Registration Statement on Form S-1

File No. 333-238914

                                  

Dear Mr. Edwards:

The Company hereby requests, pursuant to Rule 461 promulgated under the Securities Act of 1933, as amended, acceleration of the effectiveness of the above-referenced Registration Statement so that such Registration Statement will become effective as of 5:00pm on July 1, 2020, or as soon thereafter as practicable.
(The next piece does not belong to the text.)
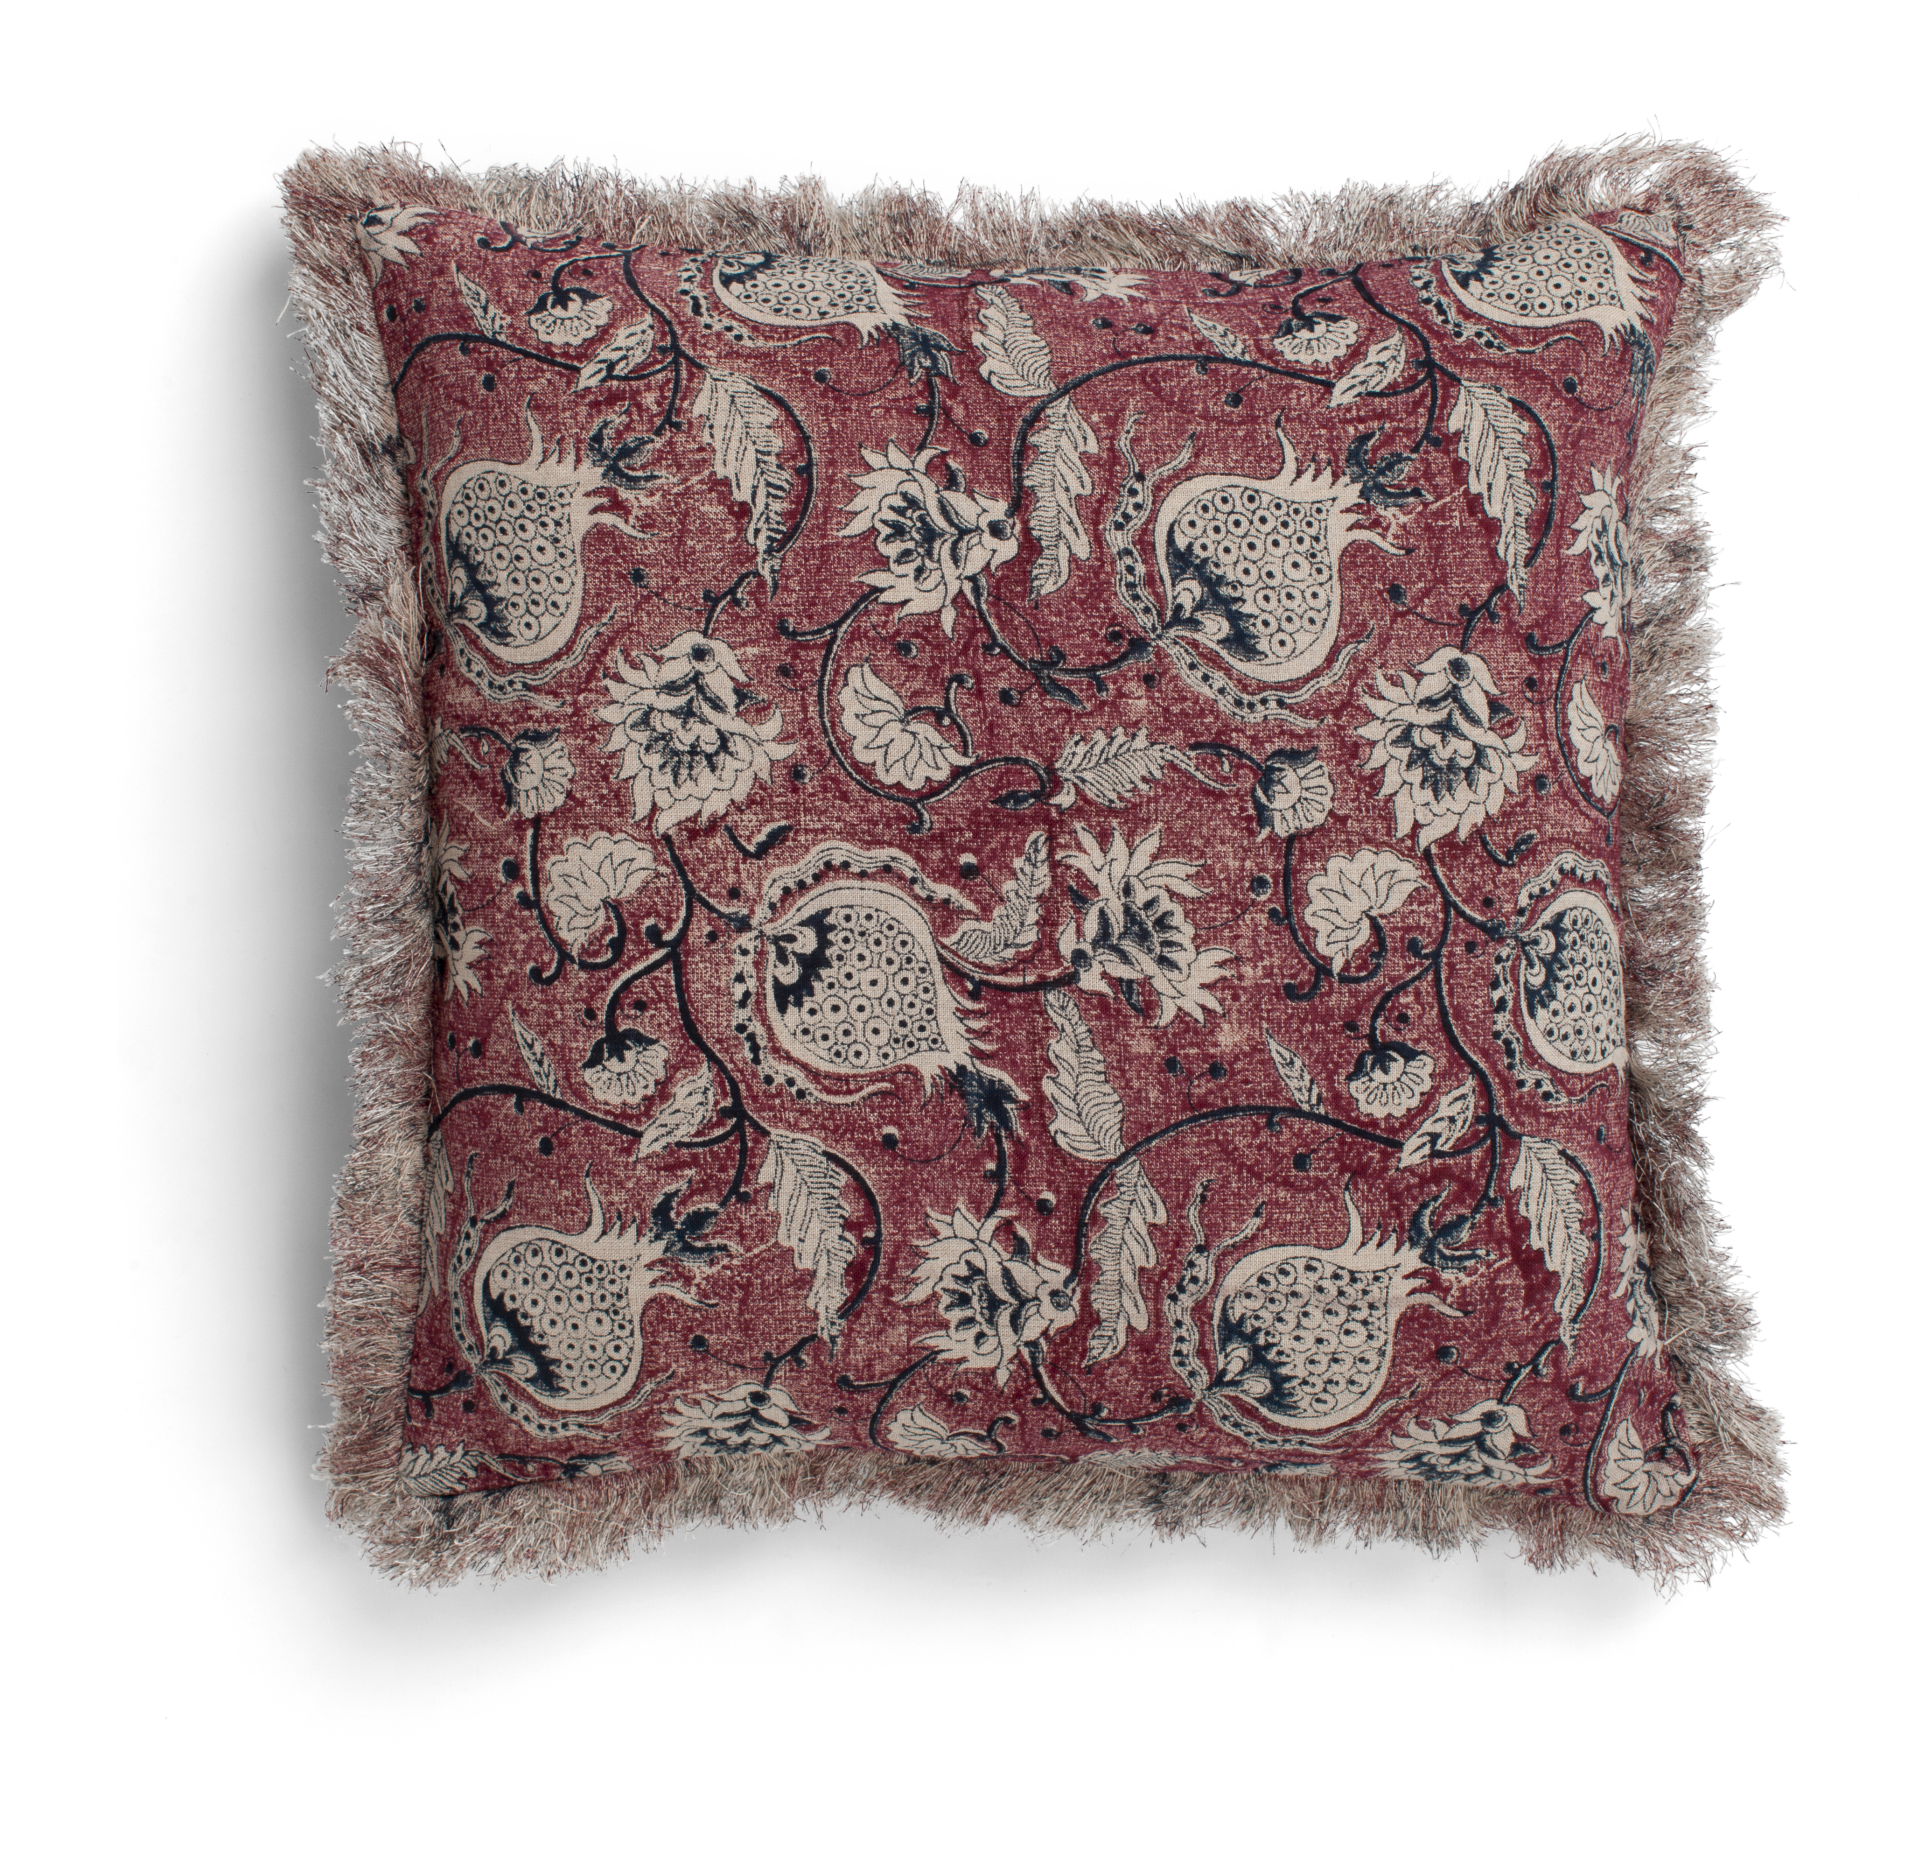 Linen cushion with Pomegranate print in Burgundy

The Company hereby acknowledges that:

 

   

Should the Securities and Exchange Commission (the “Commission ”) or the Staff, acting pursuant to delegated authority, declare the Registration Statement effective, the Commission is not foreclosed from taking any action with respect to the Registration Statement;

 

   

The action of the Commission or the Staff, acting pursuant to delegated authority, in declaring the Registration Statement effective, does not relieve the Company from its full responsibility for the adequacy and accuracy of the disclosure in the Registration Statement; and

 

   

The Company may not assert Staff comments and the declaration of effectiveness as a defense in any proceeding initiated by the Commission or any person under the federal securities laws of the United States.

If you have any questions with respect to this matter, please contact Angela Dowd, Esq. of Loeb & Loeb LLP, the legal counsel of the Company, at (212) 407-4097.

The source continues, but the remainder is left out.